With this topic, we conclude the Trigonometric Functions Class 11th Notes.

Trigonometric Functions: Previous Year Question and Answer

Given below are selected previous year question answers for NCERT Class 11 Maths Chapter 3 Trigonometric Functions, collected from various examinations.

Question 1: If $\operatorname{cosec} \theta+\cot \theta=\mathbf{s}$, then what is the value of $\cos \theta$?

Solution:

Given, $\operatorname{cosec} \theta+\cot \theta=\mathbf{s}$
We know, $\cot\theta = \frac{\cos\theta}{\sin\theta}$ and $\operatorname{cosec} \theta=\frac{1}{\sin\theta}$
⇒ $\frac{1}{\sin\theta}+\frac{\cos\theta}{\sin\theta}=s$
⇒ $\frac{1+\cos\theta}{\sin\theta}=s$
Squaring both sides, we get
⇒ $\frac{(1+\cos\theta)^2}{\sin^2\theta}=s^2$
We know, $\cos^2\theta+\sin^2\theta=1$
⇒ $\frac{1+\cos^2\theta+2\cos\theta}{1-\cos^2\theta}=s^2$
Applying componendo and dividendo,
⇒ $\frac{1+\cos^2\theta+2\cos\theta+1-\cos^2\theta}{1+\cos^2\theta+2\cos\theta-(1-\cos^2\theta)}=\frac{s^2+1}{s^2-1}$
⇒ $\frac{1+\cos^2\theta+2\cos\theta+1-\cos^2\theta}{1+\cos^2\theta+2\cos\theta-1+\cos^2\theta}=\frac{s^2+1}{s^2-1}$
⇒ $\frac{2+2\cos\theta}{2\cos^2\theta+2\cos\theta}=\frac{s^2+1}{s^2-1}$
⇒ $\frac{2(1+\cos\theta)}{2\cos\theta(\cos\theta+1)}=\frac{s^2+1}{s^2-1}$
⇒ $\frac{1}{\cos\theta}=\frac{s^2+1}{s^2-1}$
⇒ $\cos\theta=\frac{s^2-1}{s^2+1}$
Hence, the correct answer is $\frac{s^2-1}{s^2+1}$.

Question 2:
$\triangle $KLM is a right-angled triangle. $\angle$M = 90$^{\circ}$, KM = 12 cm and LM = 5 cm. What is the value of $\sec$ L?

Solution:
By Pythagoras' theorem,
KL² = KM² + ML²
⇒ KL = $\sqrt{12^2 + 5^2}$ = $\sqrt {144+69}$ = $\sqrt{169}$ = 13
$\therefore\sec$ L = $\frac{\text{KL}}{\text{ML}}$ = $\frac{13}{5}$
Hence, the correct answer is $\frac{13}{5}$.

Question 3:
If $\frac{\sin \theta}{\cot \theta+\operatorname{cosec} \theta}=1$, then what is the value of $\theta$?

Solution:
$\frac{\sin \theta}{\cot \theta+\operatorname{cosec} \theta}=1$
⇒ $\frac{\sin \theta}{\frac{\cos \theta}{\sin \theta} +\frac{1}{\sin \theta}}=1$
⇒ $\frac{\sin \theta}{\frac{1+\cos \theta}{\sin \theta}}=1$
⇒ $\frac{\sin^2 \theta}{1+\cos \theta}=1$
⇒ $\sin^2 \theta = 1+\cos \theta$
⇒ $1-\sin^2 \theta+\cos \theta = 0$
⇒ $\cos^2 \theta + \cos \theta = 0$ ($\because$ $ \sin^2 \theta+\cos^2 \theta =1$ )
⇒ $\cos \theta(1+ \cos \theta) = 0$
⇒ $\cos \theta= 0$ or $\cos \theta = –1$
⇒ $\theta = 90^{\circ}$ or $180^{\circ}$
Hence, the correct answer is $90^{\circ}$.
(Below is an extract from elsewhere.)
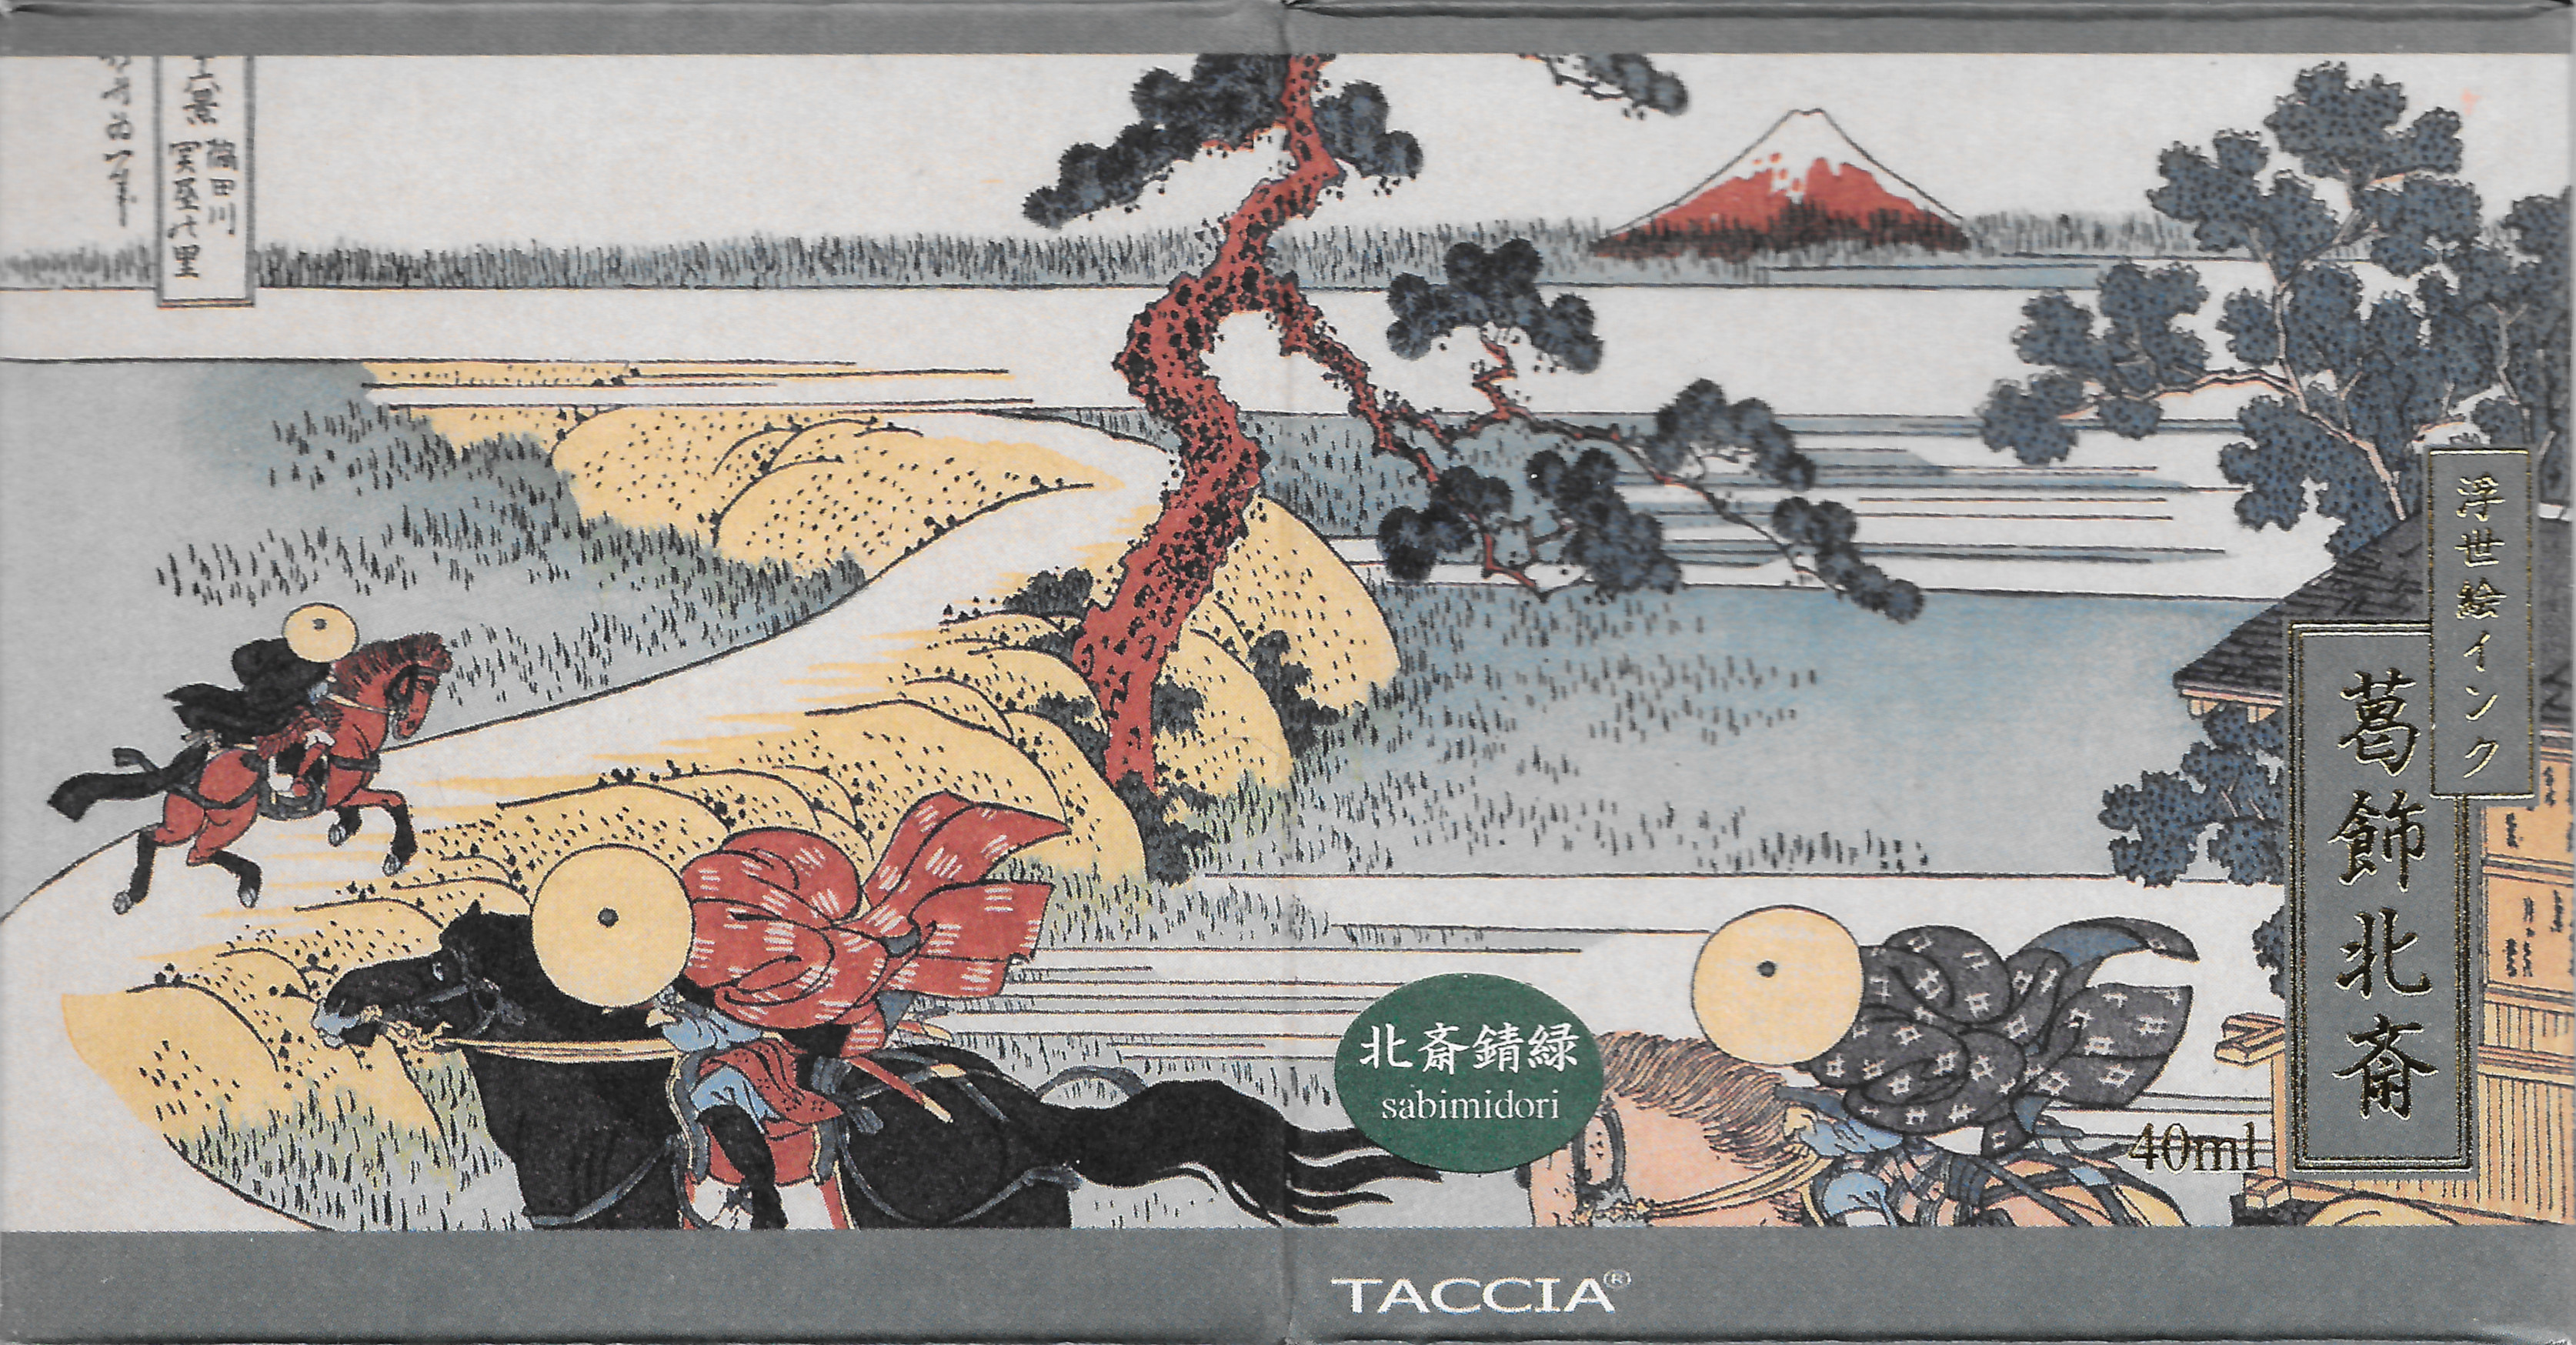 Packaging of Taccia Hokusai Sabimidori.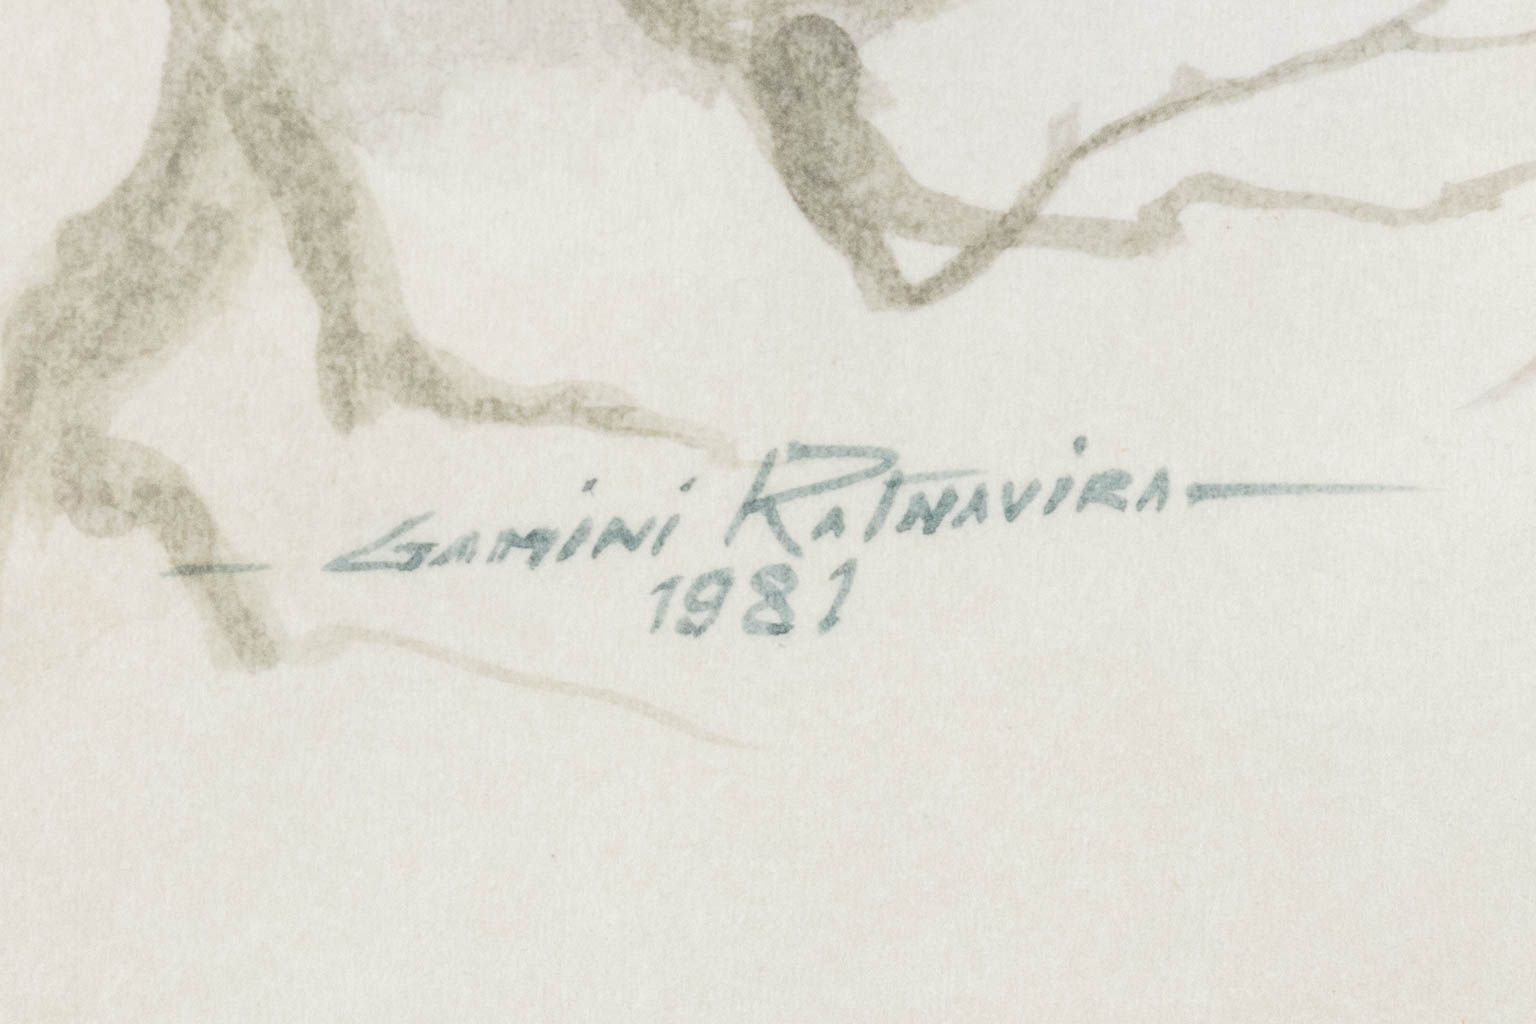 Gamini P. RATNAVIRA (1949)

Importance of NCERT Class 11 Maths Chapter 3 Notes

NCERT Class 11 Maths Chapter 3 Notes play a vital role in helping students grasp the core concepts of the chapter easily and effectively, so that they can remember these concepts for a long time. Some important points of these notes are:

• Effective Revision: These notes provide a detailed overview of all the important theorems and formulas, so that students can revise the chapter quickly and effectively.
• Clear Concepts: With these well-prepared notes, students can understand the basic concepts effectively. Also, these notes will help the students remember the key concepts by breaking down complex topics into simpler and easier-to-understand points.
• Time Saving: Students can look to save time by going through these notes instead of reading the whole lengthy chapter.
• Exam Ready Preparation: These notes also highlight the relevant content for various exams, so that students can get the last-minute guidance for exams.

NCERT Class 11 Maths Notes – Chapter-Wise Links

For students' preparation, Careers360 has gathered all Class 11 Maths NCERT Notes here for quick and convenient access.

NCERT Exemplar Solutions Subject-Wise

After finishing the textbook exercises, students can use the following links to check the NCERT exemplar solutions for a better understanding of the concepts.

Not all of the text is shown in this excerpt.